Everyone knows that the Iraqi government is as much a client of Iran as it is an ally of the United States. Our presence in this multisided sectarian civil war without a diplomatic or political strategy makes it unlikely that the Iraqi government will seek the resolution of the disputes that lie at the heart of this ongoing civil war.

Thirdly, we should begin long overdue intensive regional and international diplomacy on a sustained basis. Now, diplomacy in and of itself does not promise any great solution, but we have neglected it at our peril. Others have rushed to fill the vacuum. In fact, the problems that were pointed out on the map of the region have also been impacted by the Administration's failure to pursue smart diplomacy. And as we look at the deteriorating situation in the Middle East, the pressures on the Israeli government because of the rise of Hamas and the strength of Hezbollah, we can see the consequences of both our failed diplomatic strategy and our problems in Iraq today.

I have called for the strategic redeployment of U.S. forces out of Iraq for several years. I've introduced legislation to end the war, but to remain committed to vital national security interests that can be enumerated and more carefully defined. I voted against funding the war without any plan for ending it or without any companion efforts to engage in realistic, political, and diplomatic initiatives.

That is why I joined a bipartisan majority in supporting the Levin-Reed Amendment. It has been very difficult to get the President's attention. I hear that from both sides of the aisle. The Congress has both a duty and an opportunity to try to do that. We have one Commander in Chief at a time, and we have seen repeatedly this Administration fail to deal with the realities that we confront in Iraq and elsewhere around the world. When they do change course, as long as it takes them to make that decision as we have just seen in North Korea, the results can be very positive. And I can only hope that in the remaining 18 months of this Administration, similar actions are undertaken to deal with the problems we confront in the larger region, including Iraq and the Middle East.

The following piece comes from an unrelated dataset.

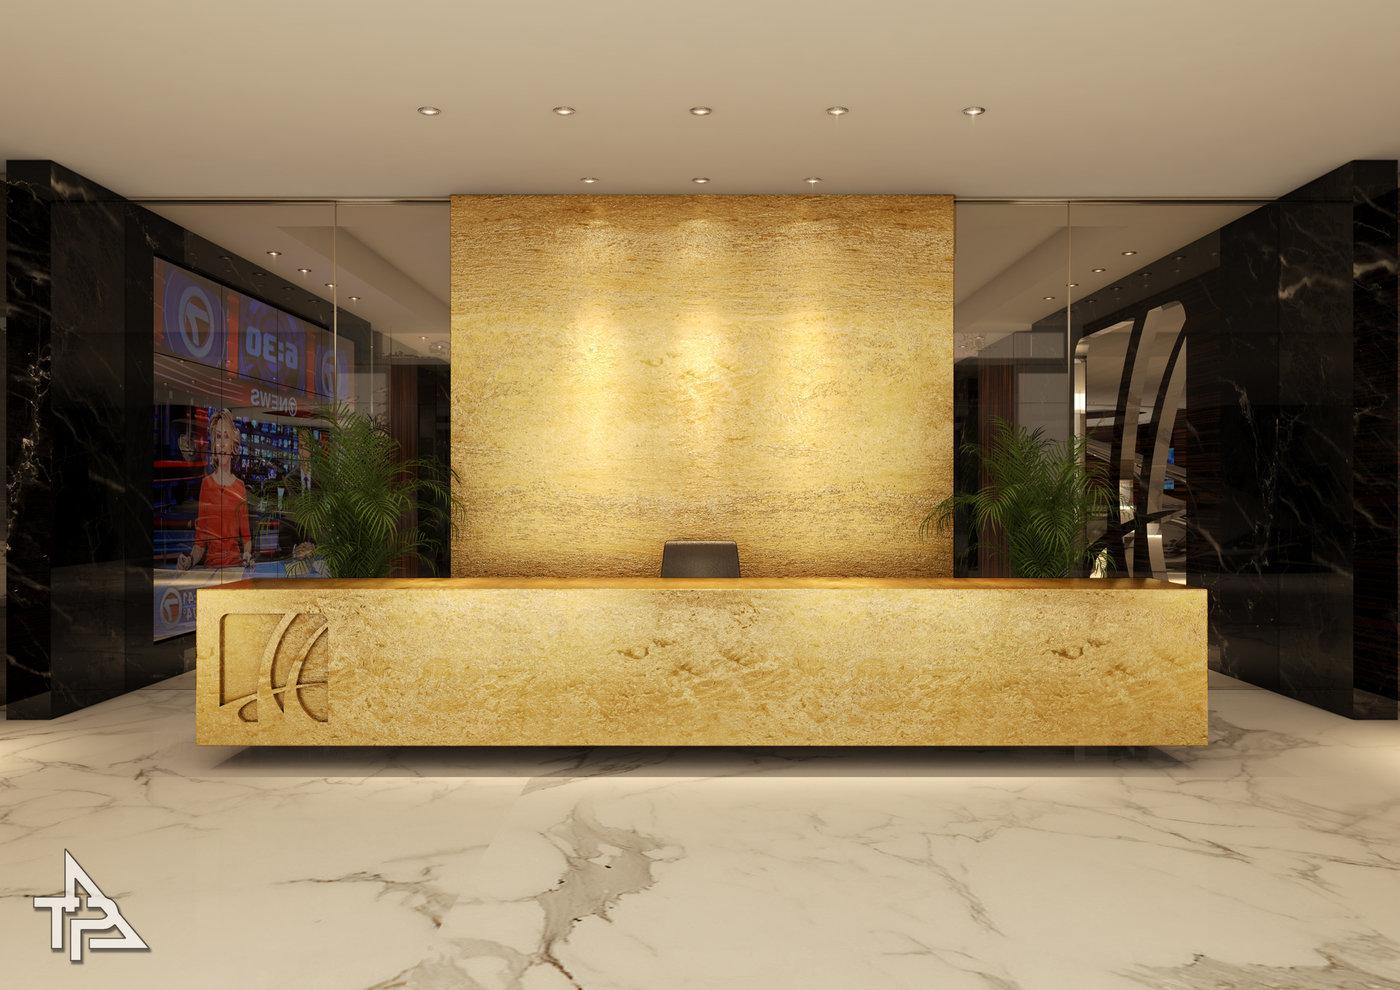 Commercial Interior Design By Malvi Thakur At Coroflot Com

I believe, too, that it's imperative that the Secretary of Defense and the Joint Chiefs inform the Congress of the plans they have for redeployment and withdrawal. Withdrawing troops is dangerous and difficult. We must not redeploy out of Iraq with the same failure of planning with which our troops were deployed into Iraq. And yet, I wrote several weeks ago to Secretary Gates and the Chairman of the Joint Chiefs, General Pace, asking whether there is planning, very specific planning, not the usual response "Oh, yes, we plan for everything, we plan for every contingency." What is the planning that will protect our troops when they do withdraw, which will happen, whether it happens in 120 days or it happens next year or it happens the year after? What have we done to make sure that we do it in as careful and orderly a way as possible?

Madam Chairman, I believe our troops, as well as the American people, deserve a vote yes or no on this bill. If you believe in giving the President the continued power to pursue a failed strategy without checks or balance by this Congress, make your case and cast your vote. If not, then put partisanship aside and stand with the bipartisan majority working to end this war.

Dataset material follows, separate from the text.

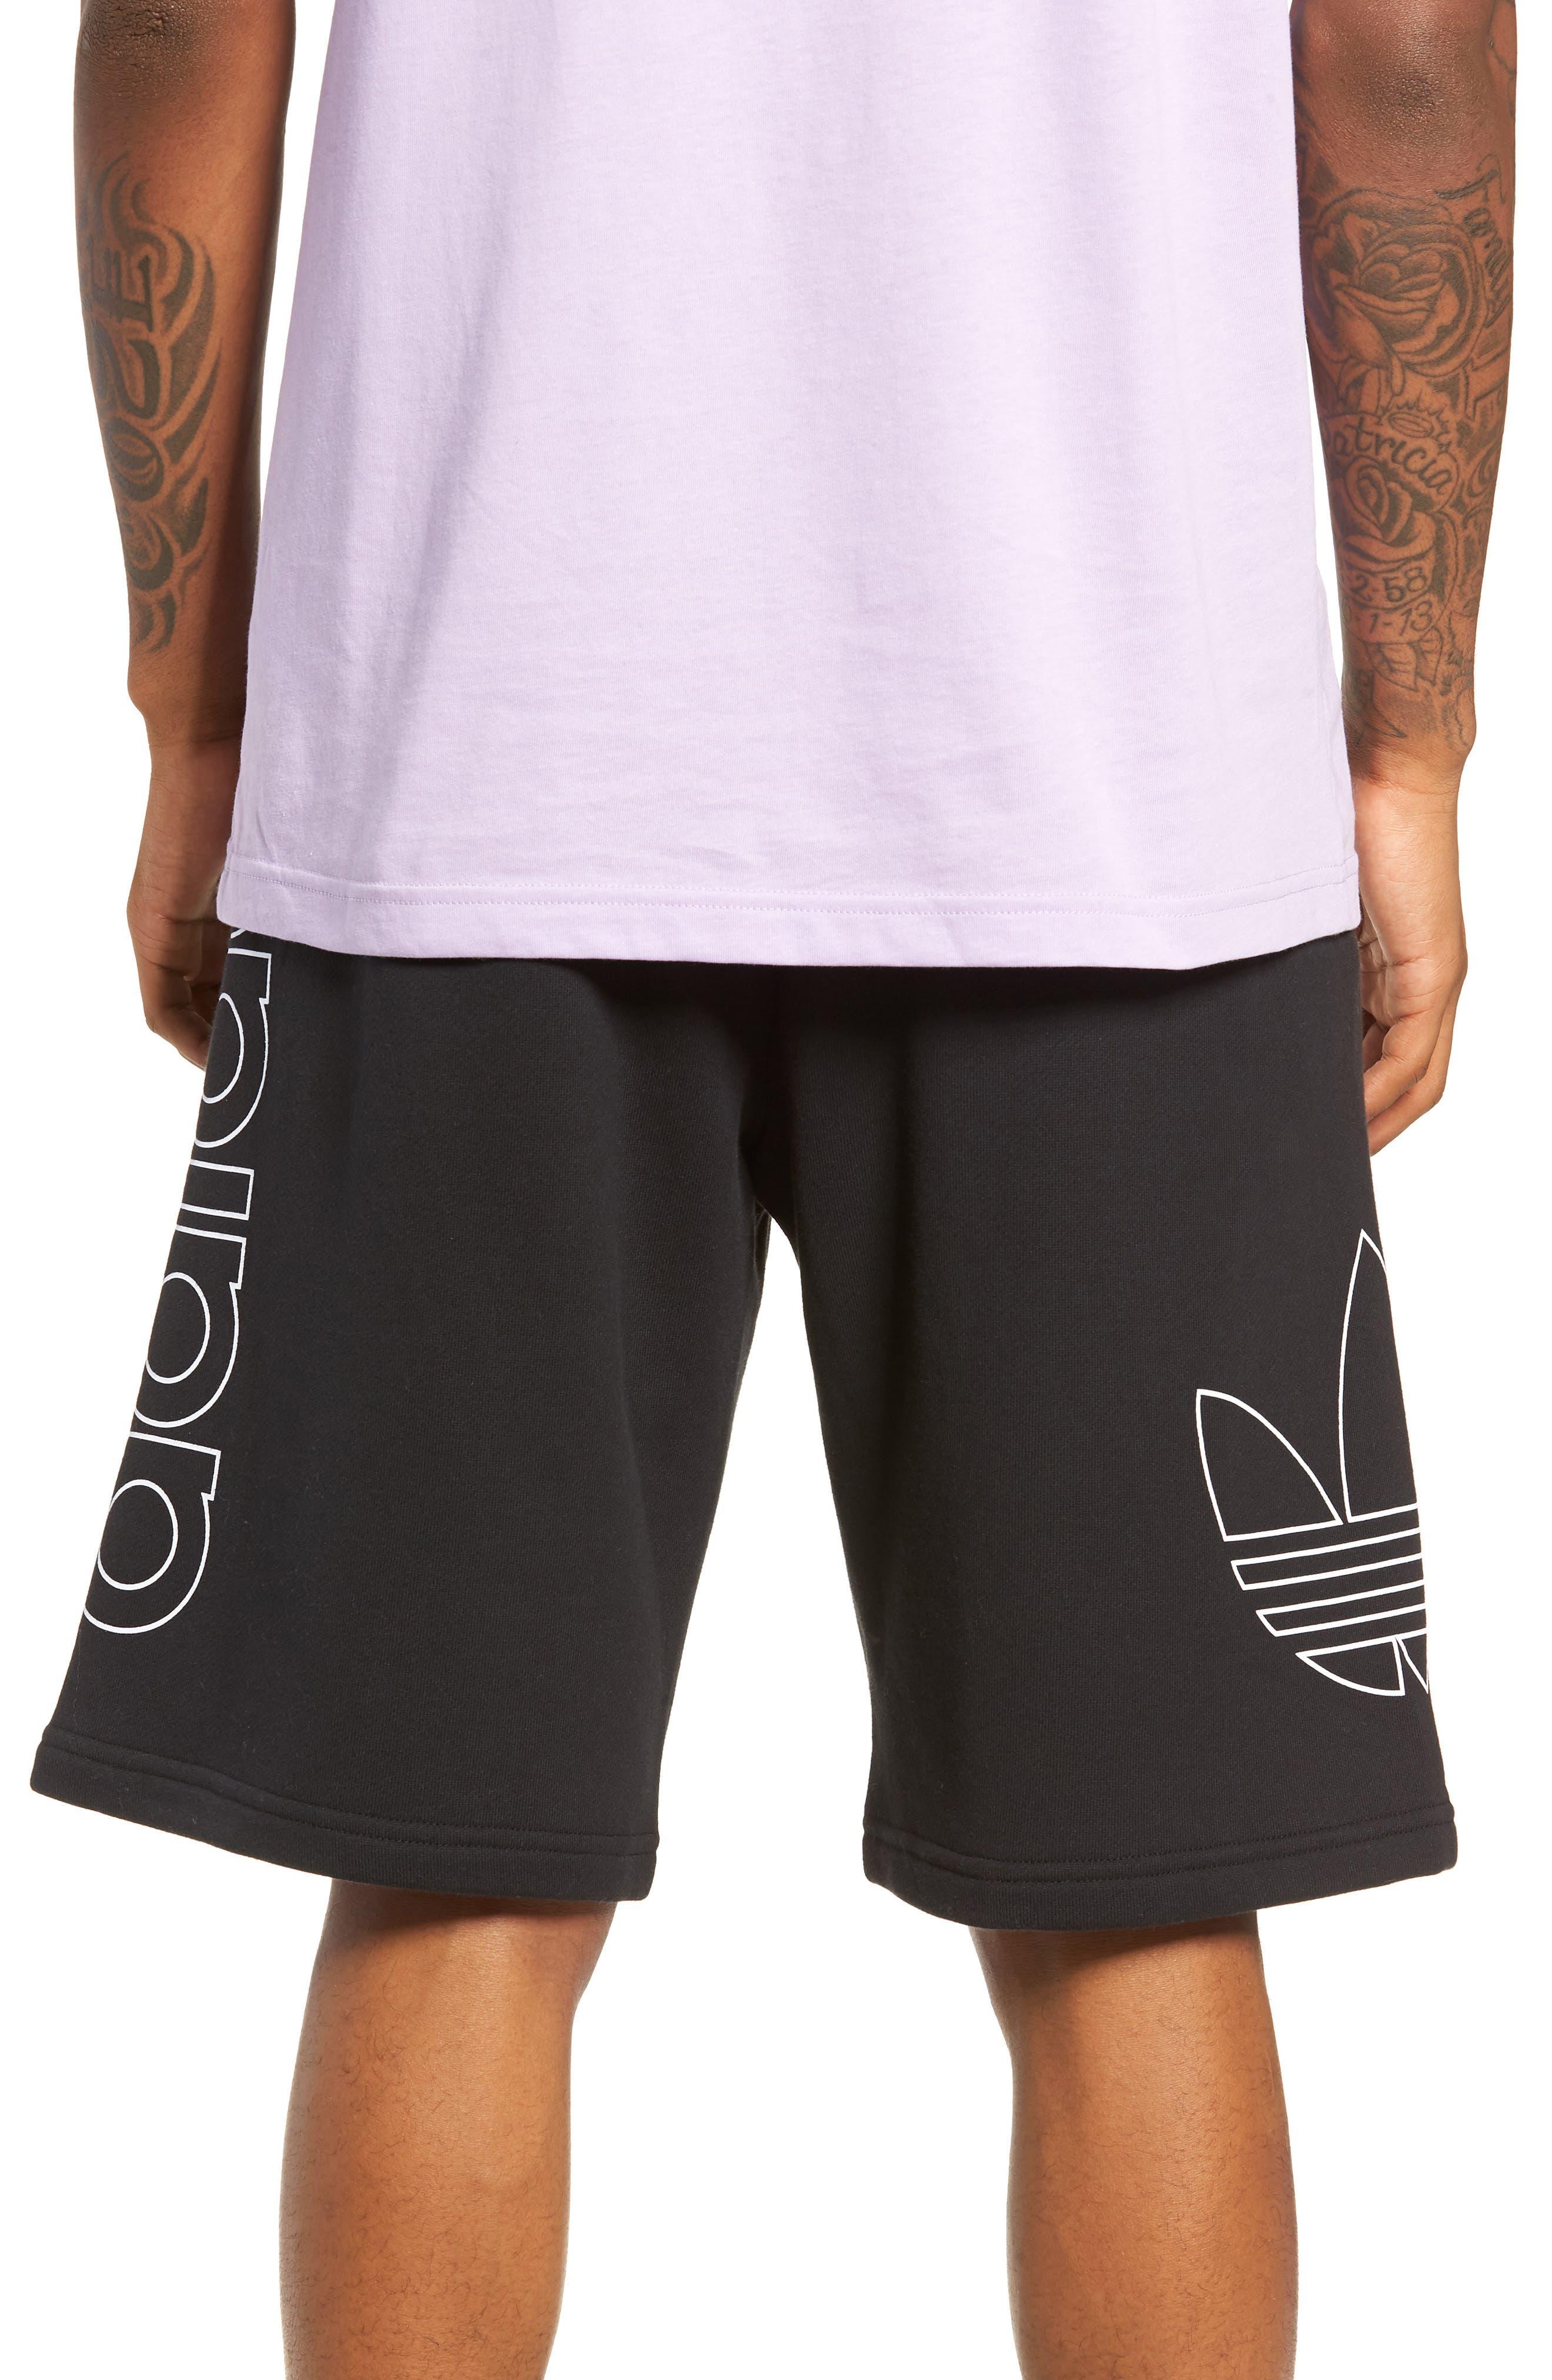 ADIDAS ORIGINALS, FT OTLN Athletic Shorts, Alternate thumbnail 2, color, BLACK/ WHITE

Our message to the President is clear: It's time to start thinking of our troops and our broader position in Iraq and beyond, not next year, not next month, but today.

I hope, Madam President, that we will be able to vote on the Levin-Reed Amendment. I fear that we will not in the face of objections on the other side, but we are just postponing the inevitable. Come September, we will have another inconclusive report. We will have more casualties, we will have more who are injured, we will still have the same Iraqi government waiting us out. We will continue to empower Iran and to destabilize Jordan and to give a free hand to Syria and Hezbollah, and we will face an even more dangerous set of choices then. There is no reason to wait.